As in the property dispossession context, where reparations are not sufficient, so too decriminalising same-sex conduct is insufficient for the purposes of dignity restoration. Shaw points out that decriminalising same-sex conduct is but one step in the process of dignity restoration. What will be required is a range of legal and extra-legal steps by the government to combat widespread homophobia that continue to condone violence and discrimination against LBGTQ people.

Shaw questions whether the activism and advocacy by civil society advocates with the specific goal of decriminalising same-sex conduct constitute a form of dignity restoration. He concludes that they probably do not, since same-sex conduct as well as the resultant queer identities remain a crime in Kenya, giving rise to a particularised homophobia ready to be conscripted by opportunistic politicians.

In ‘The shadow of legal pluralism in matrimonial property division outside the courts in Southern Nigeria’, Diala explores the issue of legal pluralism and specifically the interaction of state and customary law in Southern Nigeria. Building on the work of Atuahene, he argues that the denial of women’s rights under customary law to matrimonial property in the case of divorce or death results in dignity takings as such denial ignores the agency of women, especially in the economic realm. Such denial also discounts the capacity of women to make informed decisions regarding their contributions to matrimonial property.

The author notes that dignity takings occur on two fronts. The first is in the private realm, where men rely on customary law to deny women equality in the marriage, in effect treating women as minors, therefore depriving women of their rightful access to matrimonial property. The second is a public or state failing, namely, the failure to create the regulatory conditions that might enable women with a rightful claim to marital property, either through constitutional or legislative means.

Diala argues that dignity restoration occurs through the interventions of the state that are mindful of the power inequalities in customary law and therefore act to redress such power imbalance in favour of women. To demonstrate the point, he highlights the active interventions of a government agency, the Social Welfare Department, mandated to protect the rights of women and children. These interventions, according to the author, are ‘facilitating a living customary law of matrimonial property’, which in no small way contributes to dignity restoration.

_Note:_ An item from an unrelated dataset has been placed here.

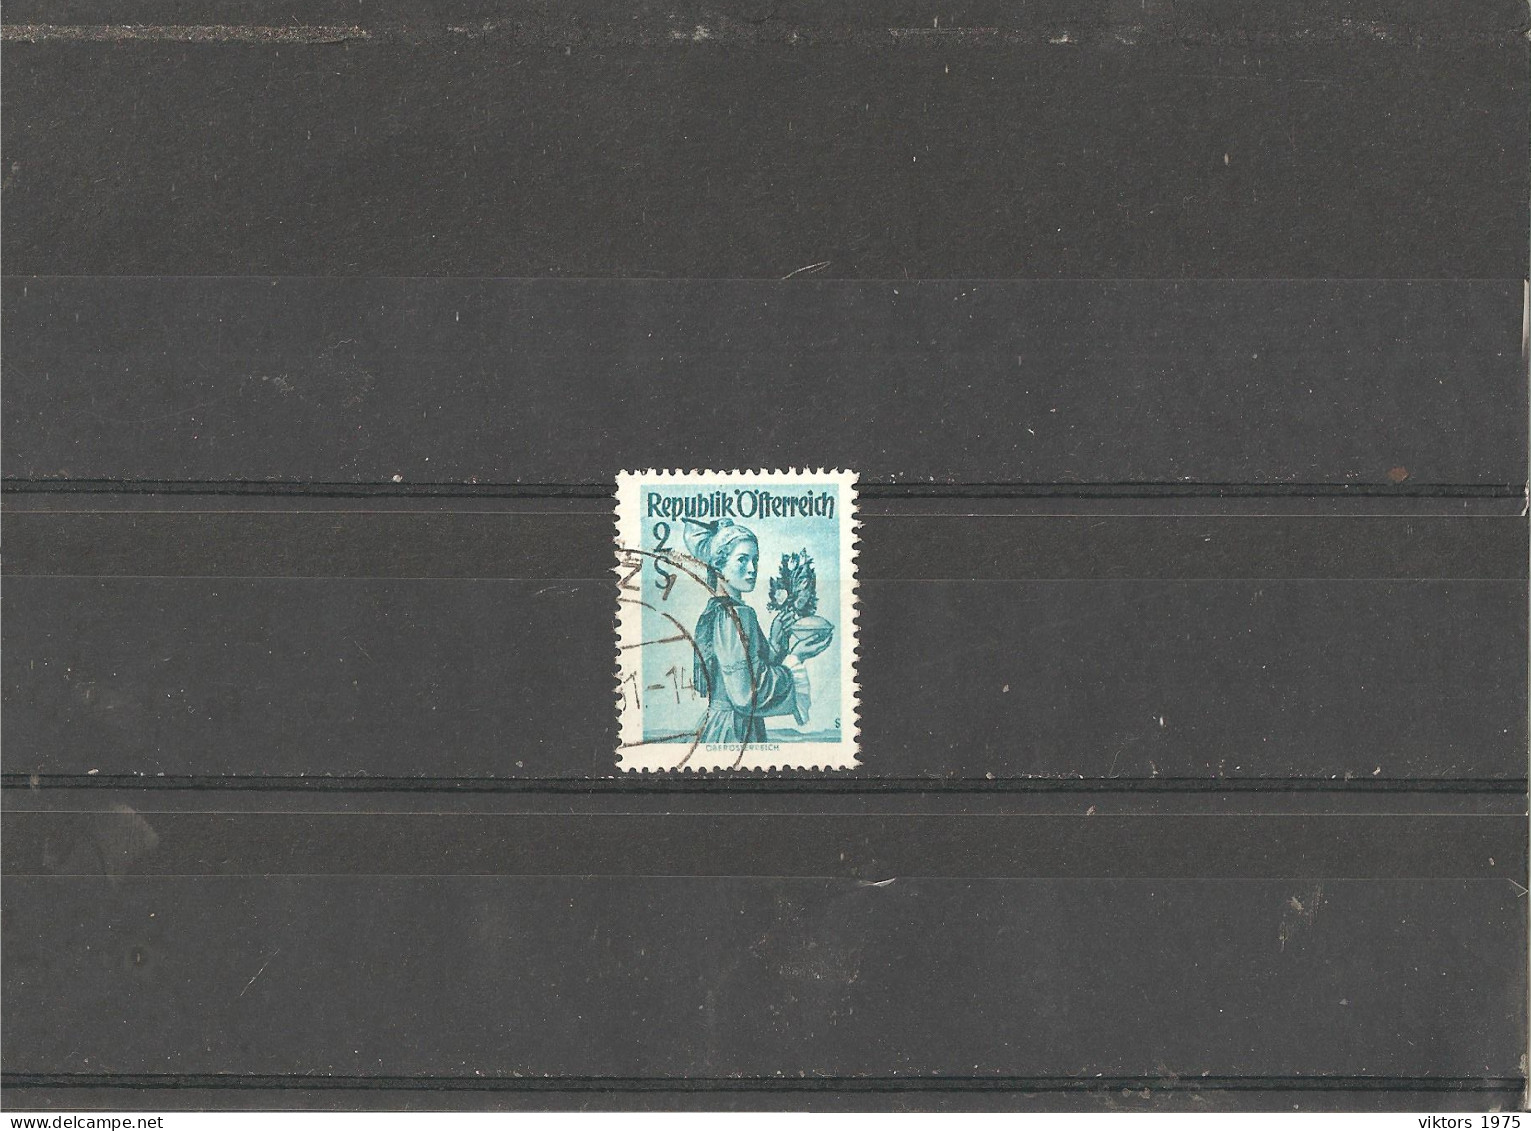 Used Stamp Nr.919 In MICHEL Catalog - Gebraucht

The concepts of dignity takings and dignity restoration provide an empathetic and innovative approach to issues of harm and attendant remedies. They centre the experiences of the victims and allow for a fuller recognition of the dimensions and consequences of dispossession, beyond the legal to include the human. Such recognition thereby enables the restoration of dignity and humanity for those previously dispossessed and allows for societal healing, social sustainability and for democracy to flourish.

Professor Atuahene’s intellectual contribution to land dispossession through an analysis of dignity takings and dignity restoration has been significant. This special focus furthers the discussion and will hopefully spur scholars and activists to continue to expand our intellectual bandwidth as we continue to address historical harms.

 

 

1. Government of the Republic of South Africa v Grootboom & Others 2001 (1) SA 26 (CC).